# Confusion: Malavita stiffer than Cartel or vice versa?



## ConcreteVitamin (Aug 3, 2017)

Officially it seems Malavita is described to be less stiff than Cartel. 

However, Angrysnowboarder says, "Burton will still claim [Cartel] is stiffer than the Malavita, I will still firmly deny that": 2018 Burton Cartel Snowboard Binding Review - The Angry Snowboarder

So which one is accurate?

I guess I want a binding that *delivers more response for my carving/tree board, but not doing so at the expense of comfort.*


----------



## Phedder (Sep 13, 2014)

Cartel - Stiffer baseplate, softer highback. 
Malavita - Softer baseplate, stiffer highback. 

Cartel Ankle strap is also slightly stiffer/bigger, so more response that way. Malavita is shaped in a way that allows a little more tweakage for freestylin' 

Ultimately in that configuration they don't ride _that_ differently. I think they should just swap the high backs and that would put a clearly defined difference between the two. I've got a pair of Cartels with the Malavita highback and I absolutely love them, noticeable difference vs with the cartel highback. 
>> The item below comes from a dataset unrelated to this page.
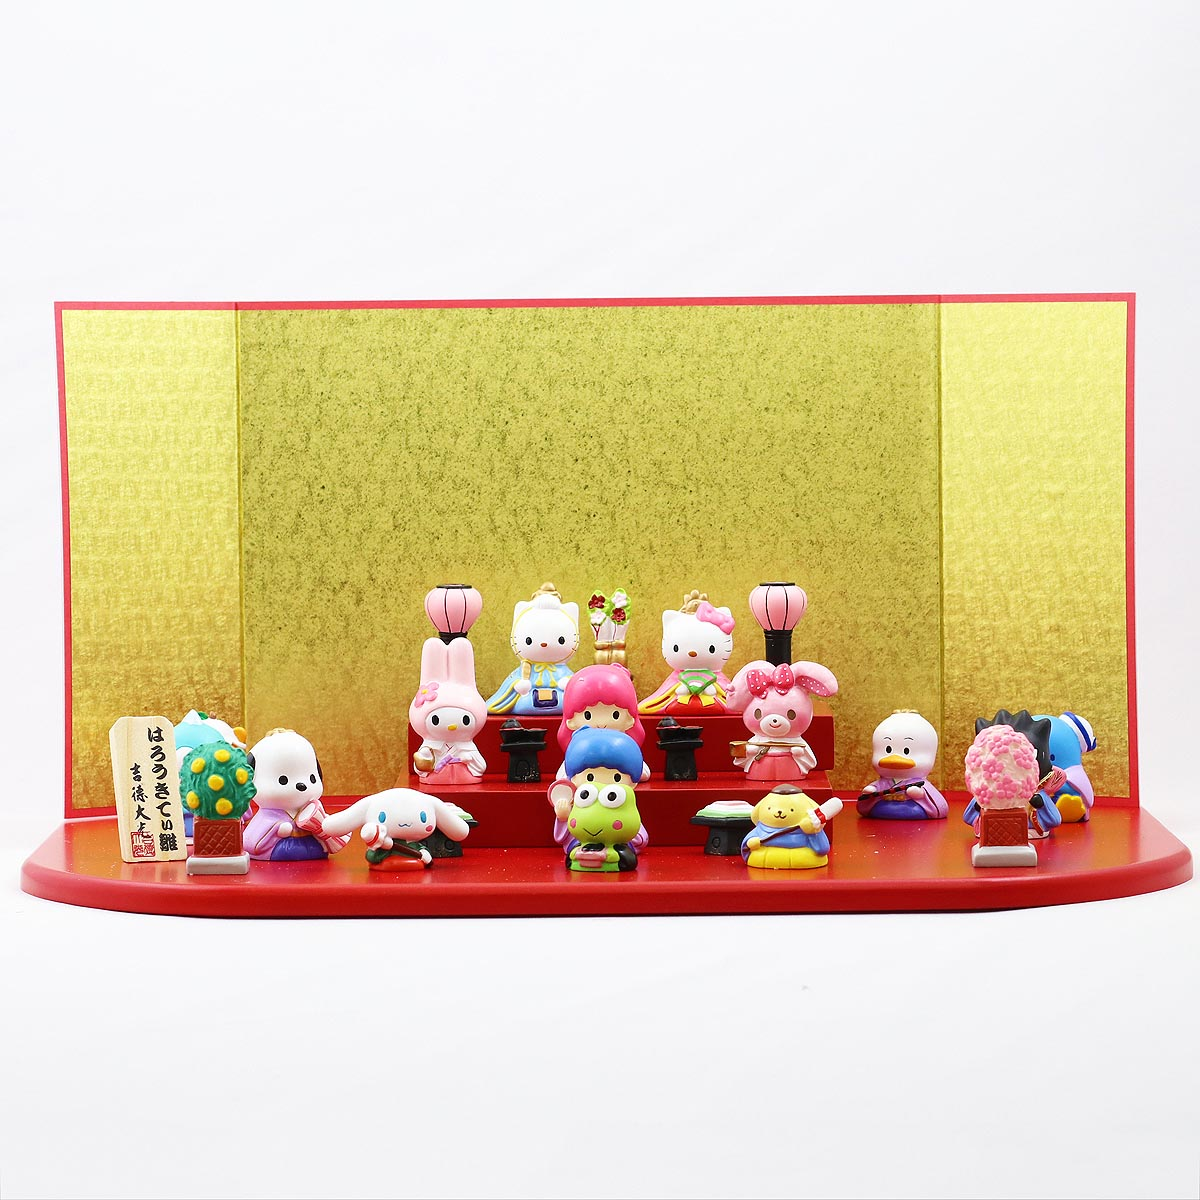 雛人形 吉徳 吉徳大光 コンパクト キャラ雛 ハローキティ 段飾り 雛人形 HNY-183-225 (183225)ひな人形 かわいい おしゃれ インテリア 雛 ひな人形 小さい ミニ

More response for your carving/tree board, I'd go Cartel and just crank the forward lean, or order a pair of highbacks from burton. Cartel is a lower price point too.


----------



## ConcreteVitamin (Aug 3, 2017)

Phedder said:


> Cartel - Stiffer baseplate, softer highback.
> Malavita - Softer baseplate, stiffer highback.
> 
> Cartel Ankle strap is also slightly stiffer/bigger, so more response that way. Malavita is shaped in a way that allows a little more tweakage for freestylin'
> ...


Fantastic comparison, thank you.

Re: baseplate stiffness. What aspects of riding does baseplate stiffness affect? Shock absorption for jumps? Riding through uneven terrain? More stiff baseplate --> more pressure on feet?


----------



## SGboarder (Jun 24, 2012)

Phedder said:


> Cartel - Stiffer baseplate, softer highback.
> Malavita - Softer baseplate, stiffer highback.
> 
> Cartel Ankle strap is also slightly stiffer/bigger, so more response that way. Malavita is shaped in a way that allows a little more tweakage for freestylin'
> ...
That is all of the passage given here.